Apache Spark Optimization Techniques and Tuning

11 min readNov 3, 2022

Introduction

As we all know that data is the new oil. Data is growing exponentially; data analysis and customer predictions methodologies have been changing over time and now some of the technologies have become obsolete and some are going to. Most organizations are moving towards microservices and big data handling and processing mechanism.

Architecture is evolving towards fast and reliable technologies and tools. Before starting optimization techniques and Spark Architecture let’s understand what is big data and How Apache spark is related to big data.

Apache Spark

Apache Spark is a unified analytics engine for large-scale data processing. You can think of it as a processing engine that will process your data(small or big) faster as compared to Hadoop.

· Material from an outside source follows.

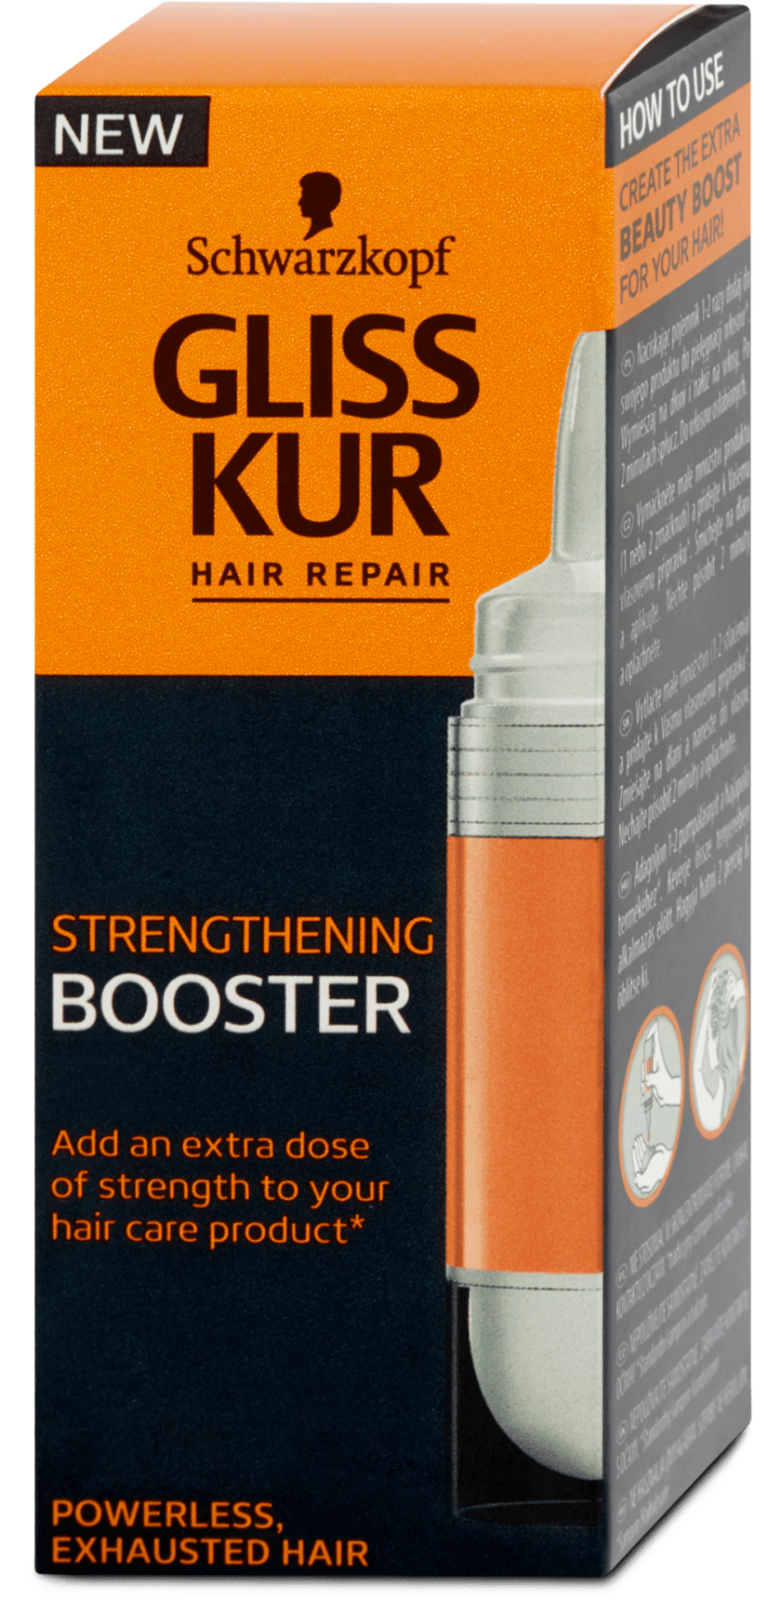 Genuine Schwarzkopf Gliss Kur Hair Repair Strengthening Booster Hair Care 15 ml  - $17.50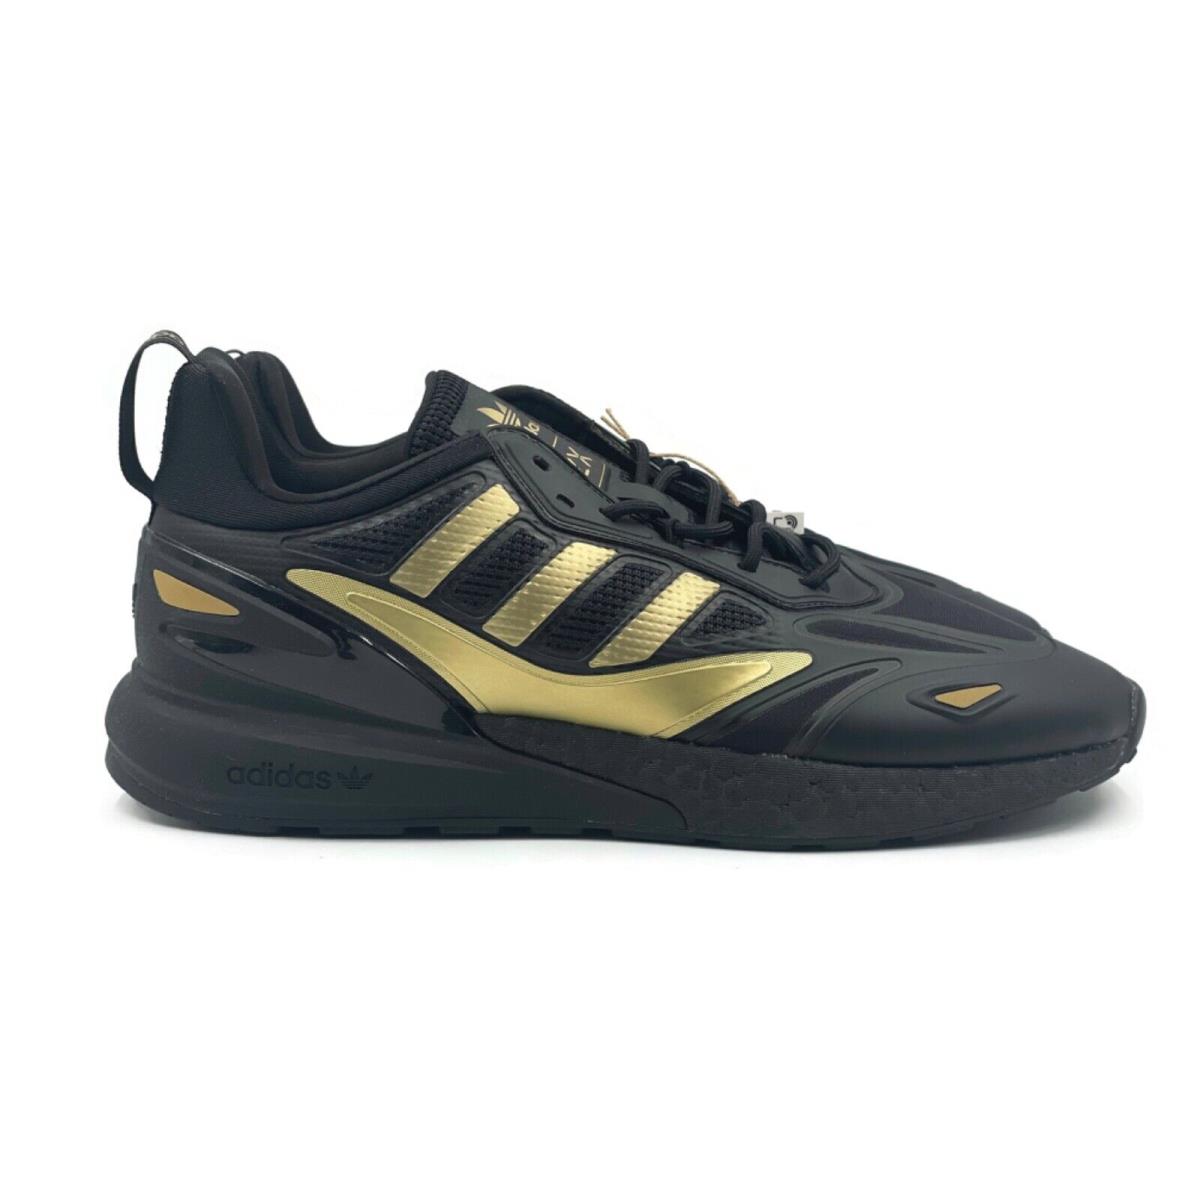 Adidas ZX 2K Boost 2.0 Men Casual Running Shoe Black Athletic Trainer Sneaker

What makes Apache Spark Faster

1.In-memory Computation

Spark stores most of the things in RAM which reduces disk IO. The similar kind of processing used to take more time in other technologies.

2.Lazy Evaluation

Spark creates a DAG(Directed acyclic Graph) of RDD once a statement is executed. The processing starts only when an action statement is executed. We will see this in spark architecture.

Let’s take an example where Lazy Evaluation can impact execution time and processing time.

Suppose we have a table containing exam scores and we need to filter out the student who has marks of more than 90% and less than 91%(student base is approx 10 Million).

Then we write a code like this.

df = spark.read.parquet(“some location”)
df= df.filter((col(marks)>90) & (col(marks)<91))
df.show()

A traditional tool first tries to read all the data, stores it in some location and then filters it out according to the condition and displays data, while Spark will take the records that satisfy the above condition and then start the other operation.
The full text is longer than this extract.